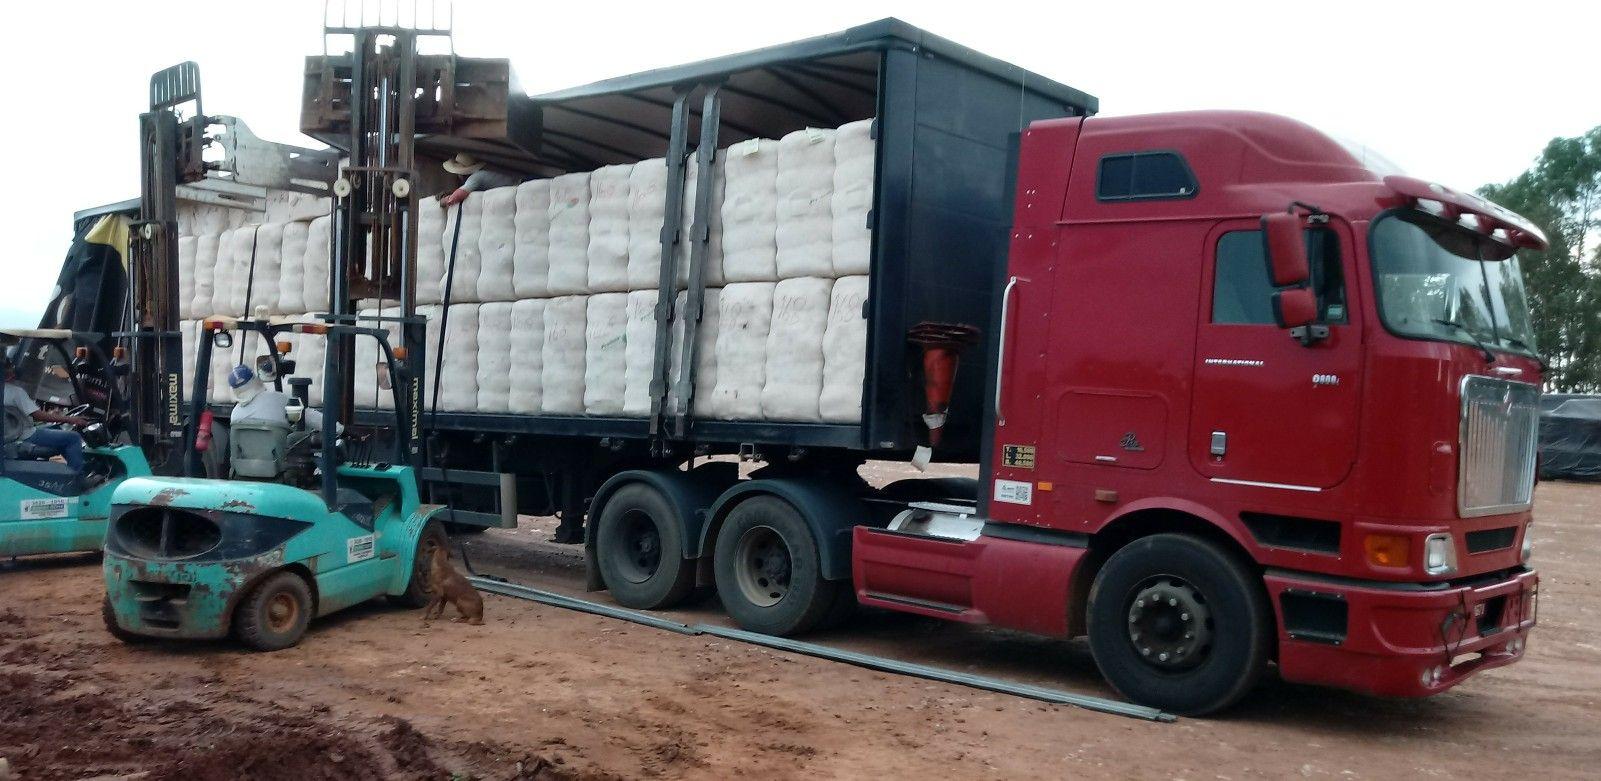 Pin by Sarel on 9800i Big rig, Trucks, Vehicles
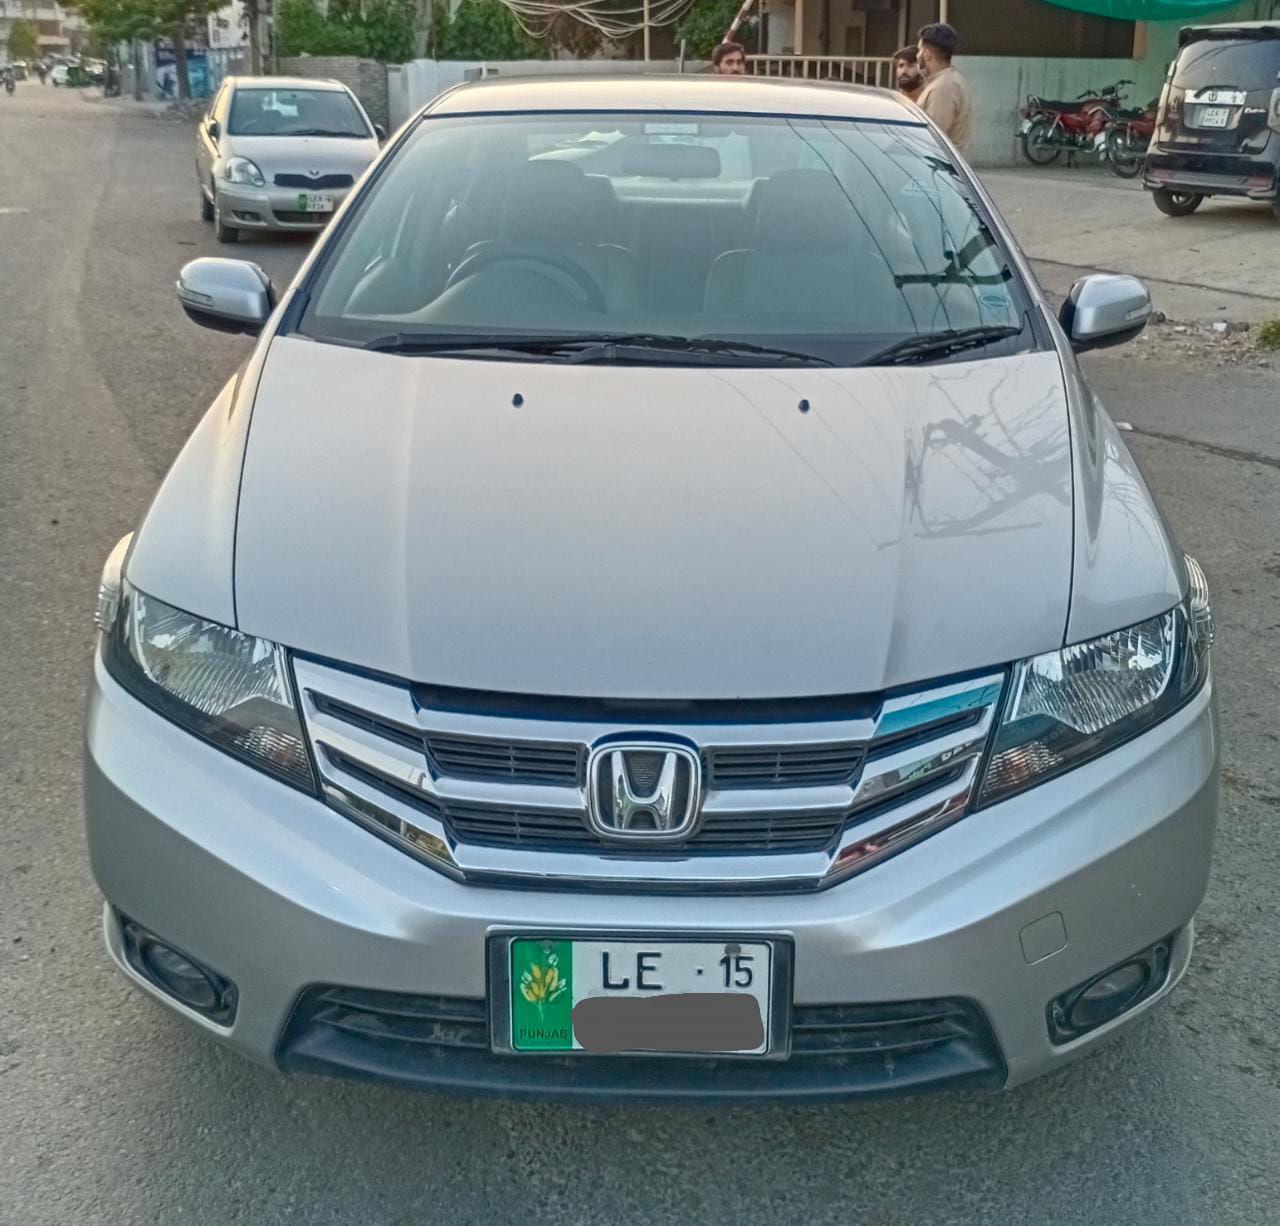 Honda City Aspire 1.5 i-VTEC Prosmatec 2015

--

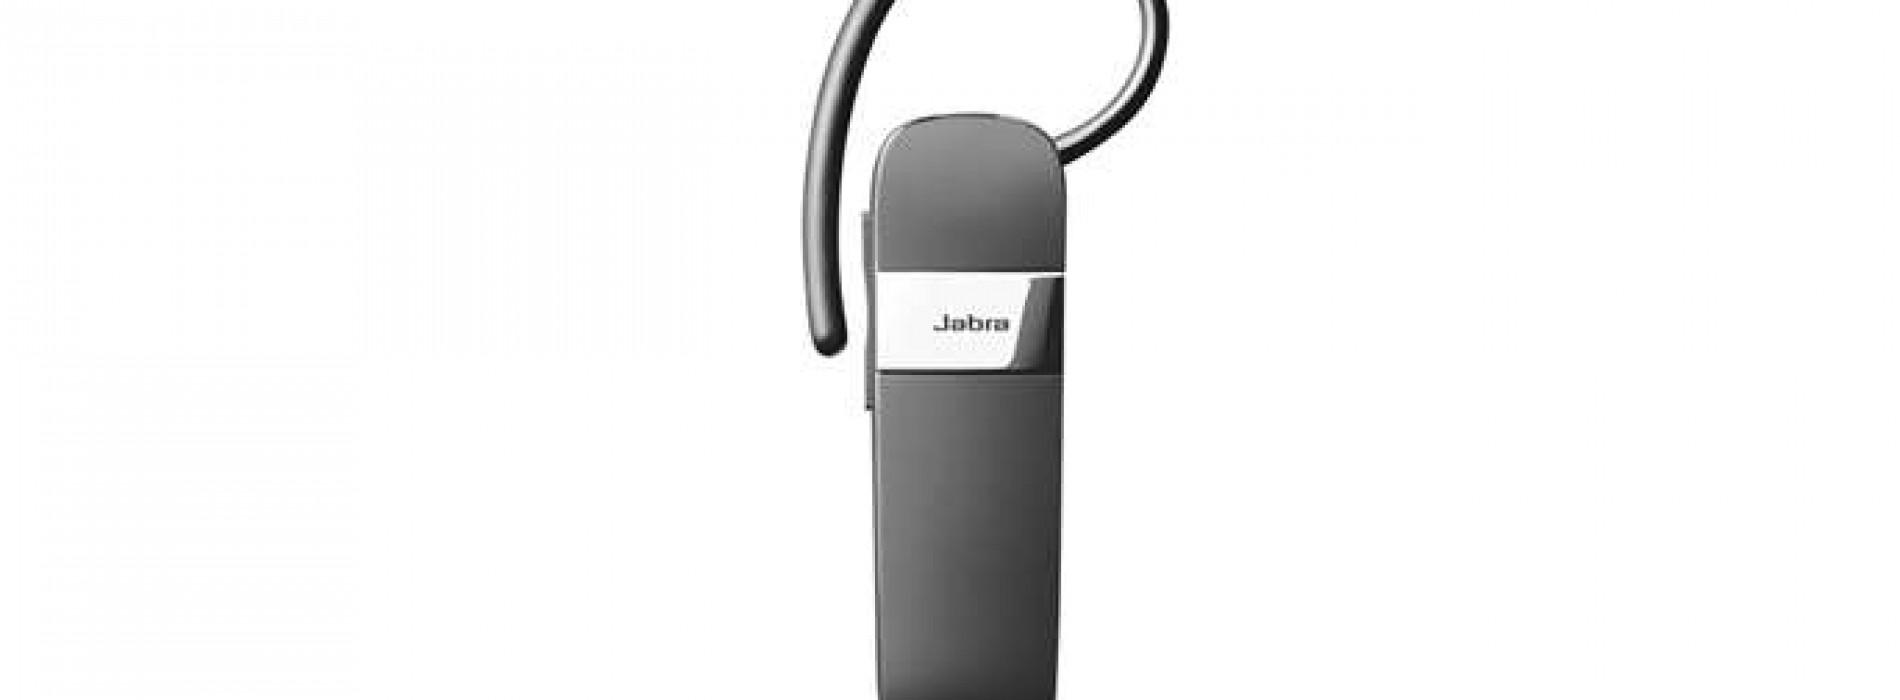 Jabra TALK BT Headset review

§ Prompt: In the listing above, the required lines run from the line with "Pin by Sarel" through the line with "Honda City Aspire 1.5 i-VTEC Prosmatec 2015". Output exactly those lines, omitting pictures.

§ Task response:
 Pin by Sarel on 9800i Big rig, Trucks, Vehicles
 Honda City Aspire 1.5 i-VTEC Prosmatec 2015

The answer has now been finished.